[Task brief]:
Within the listing below, give again exactly the lines between the one containing "South Korean President" and the one containing "Bollman Lost Ark", inclusive, pictures left aside.

[Input records]:

◆ ◆ ◆ ◆ ◆ ◆ ◆

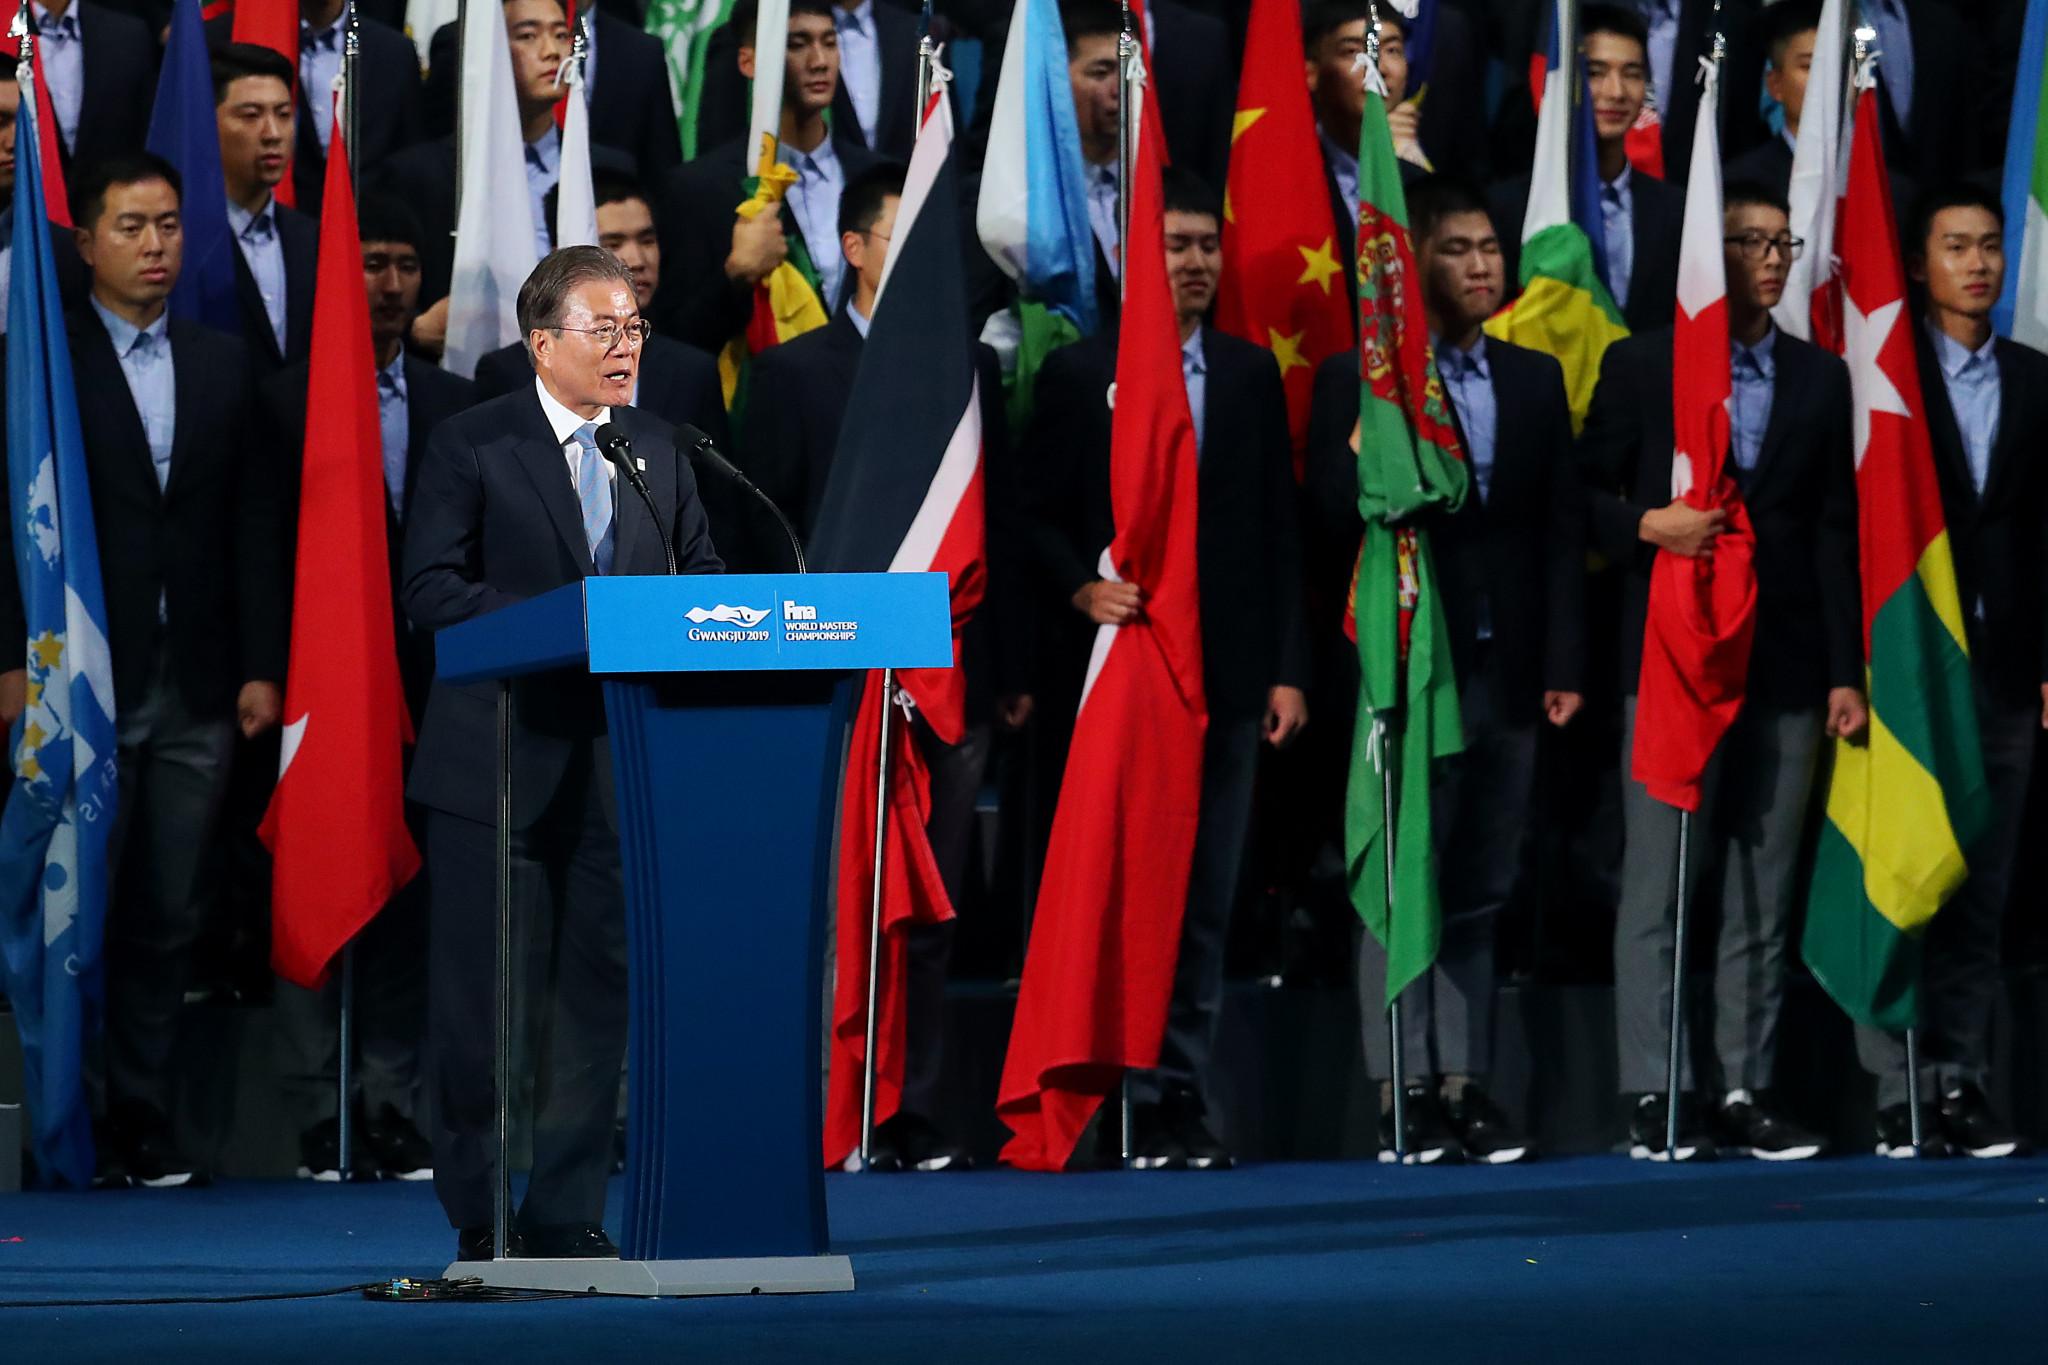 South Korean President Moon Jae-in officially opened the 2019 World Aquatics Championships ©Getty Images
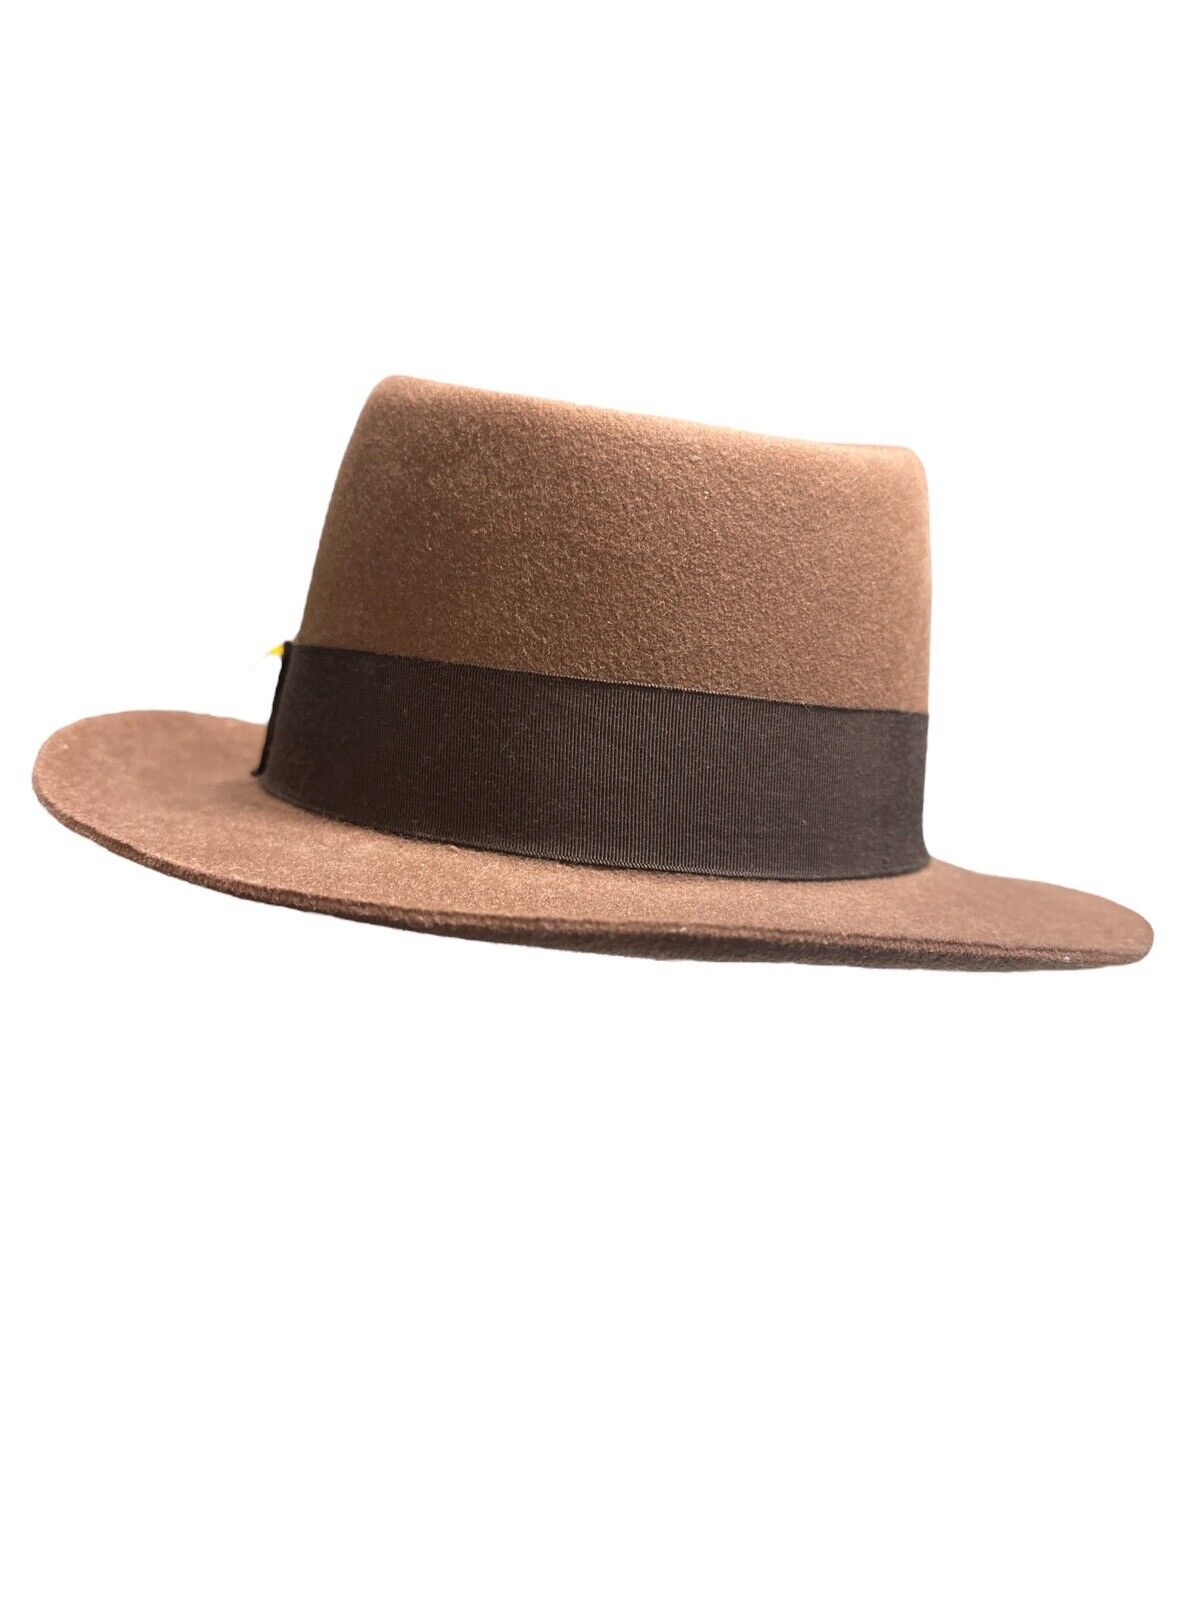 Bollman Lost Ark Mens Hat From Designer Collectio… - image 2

◆ ◆ ◆ ◆ ◆ ◆ ◆

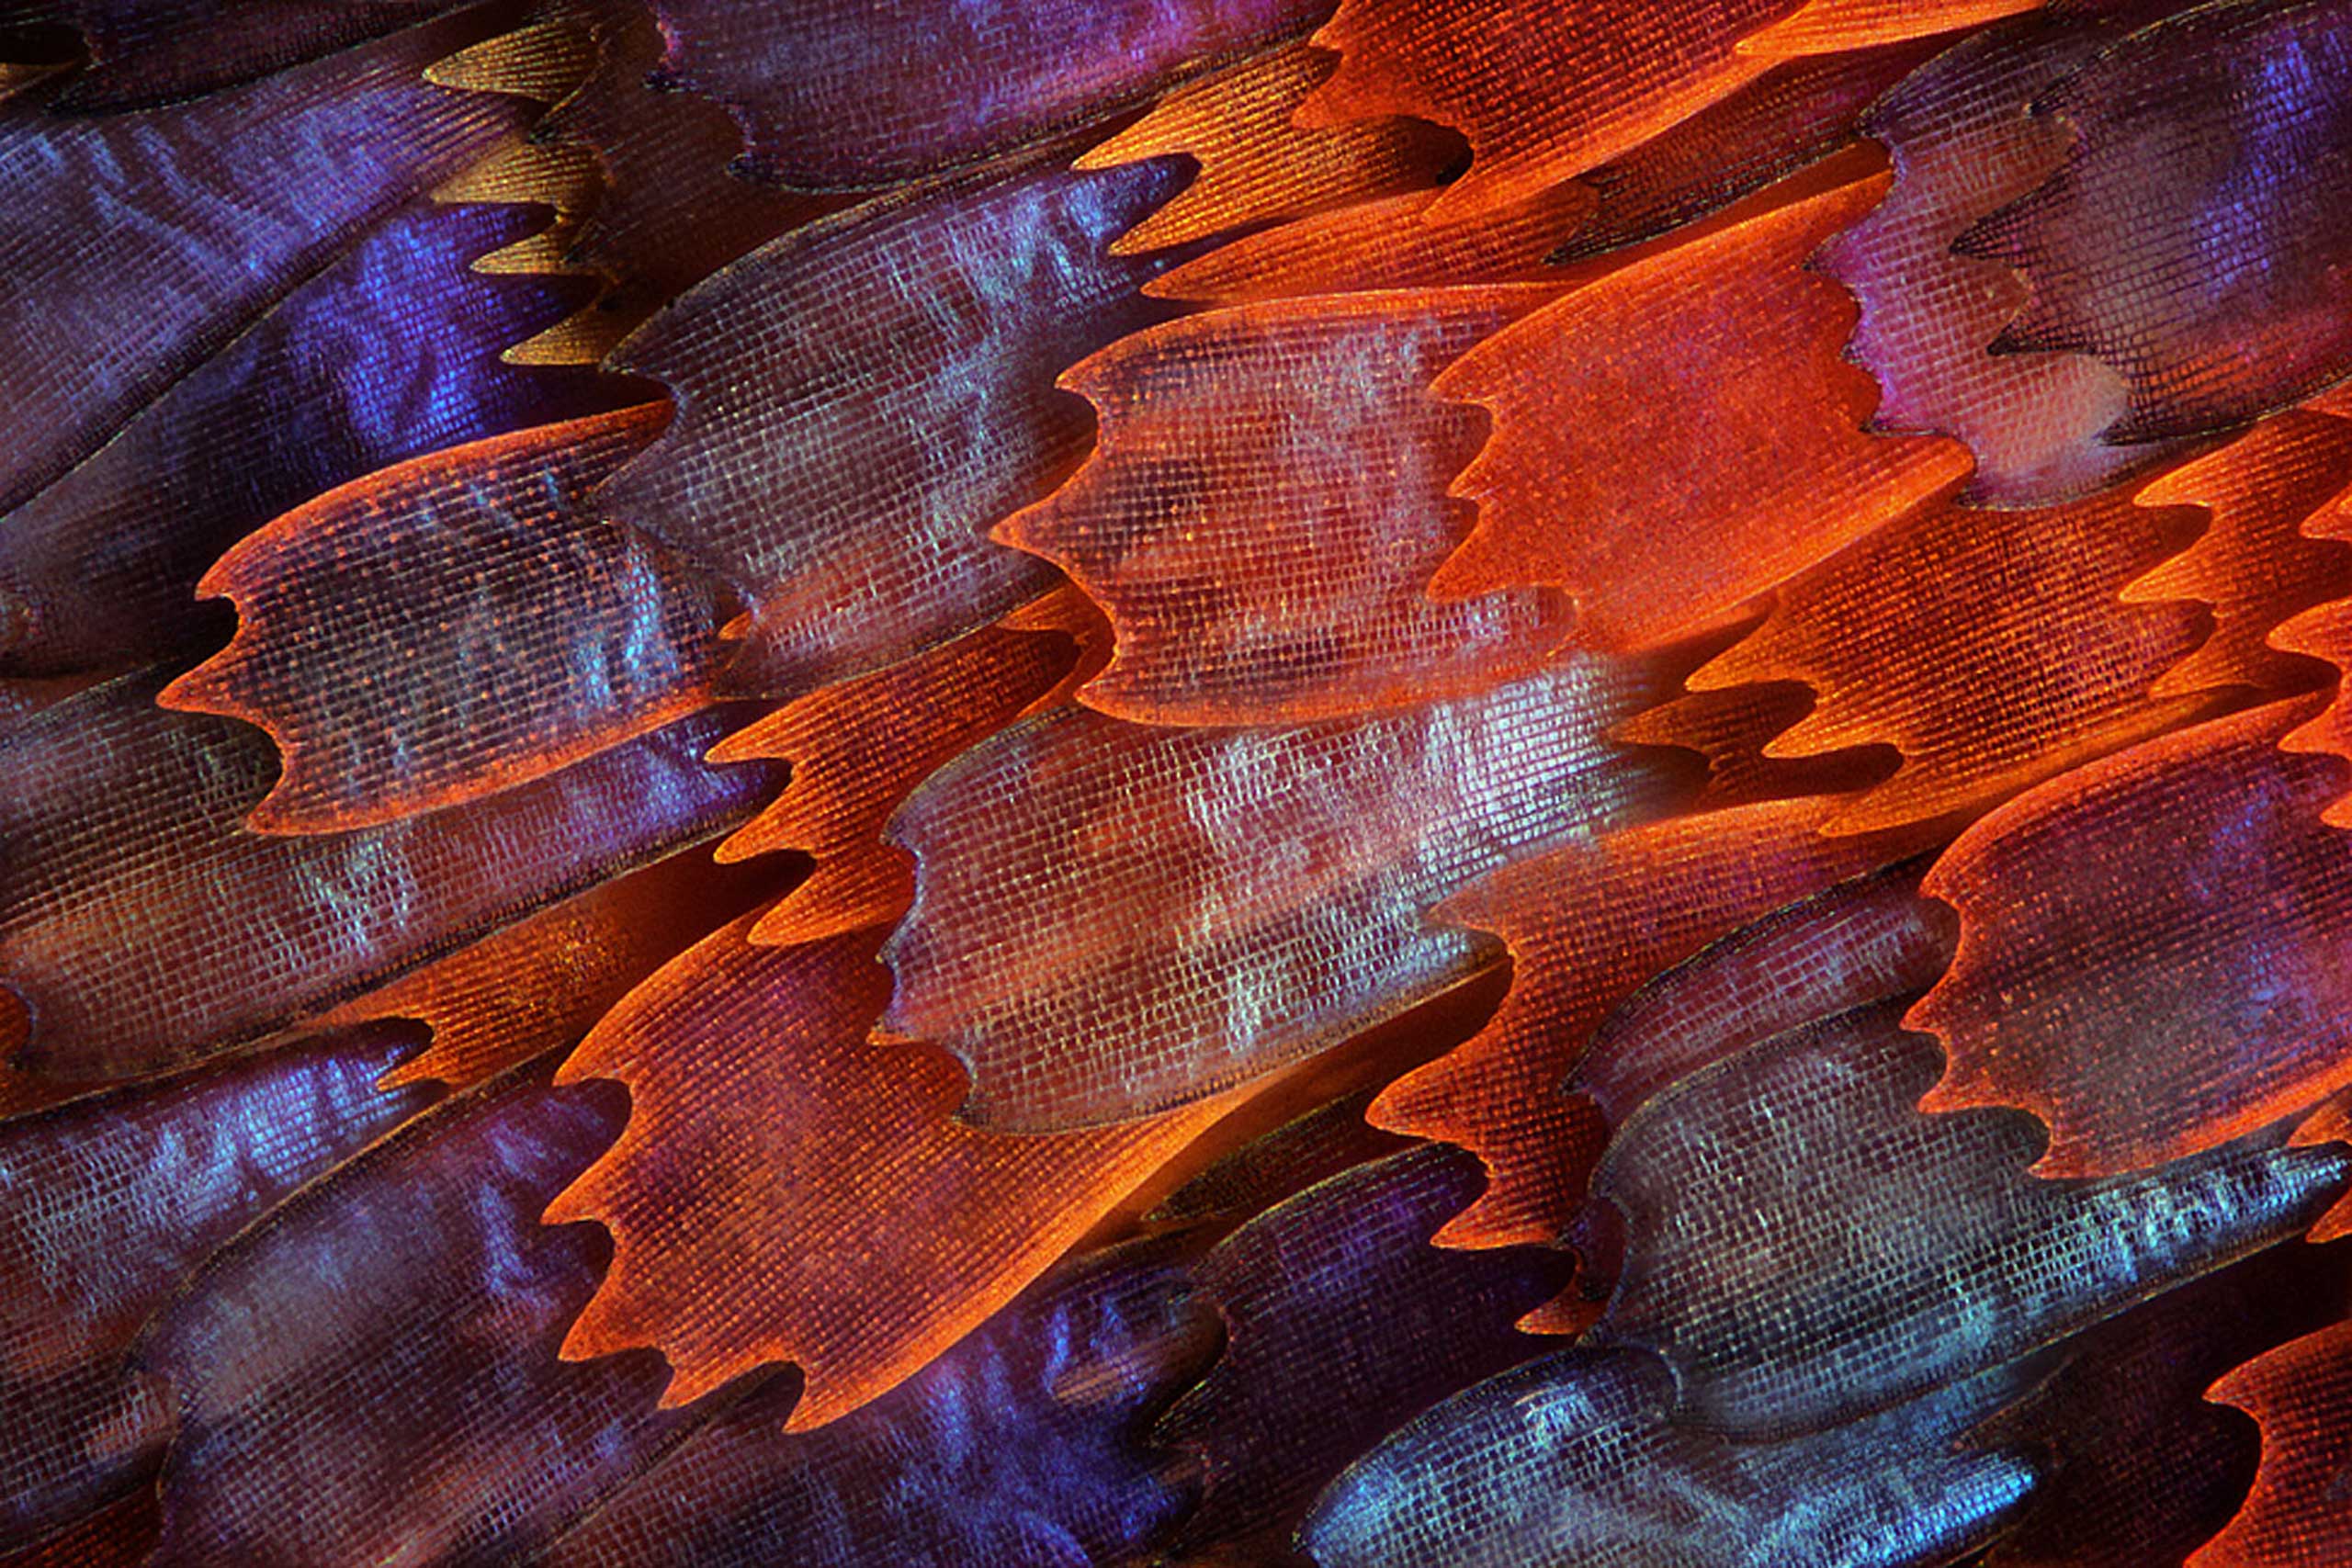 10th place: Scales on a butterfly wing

◆ ◆ ◆ ◆ ◆ ◆ ◆

[Output for this exercise]:
 South Korean President Moon Jae-in officially opened the 2019 World Aquatics Championships ©Getty Images
 Bollman Lost Ark Mens Hat From Designer Collectio… - image 2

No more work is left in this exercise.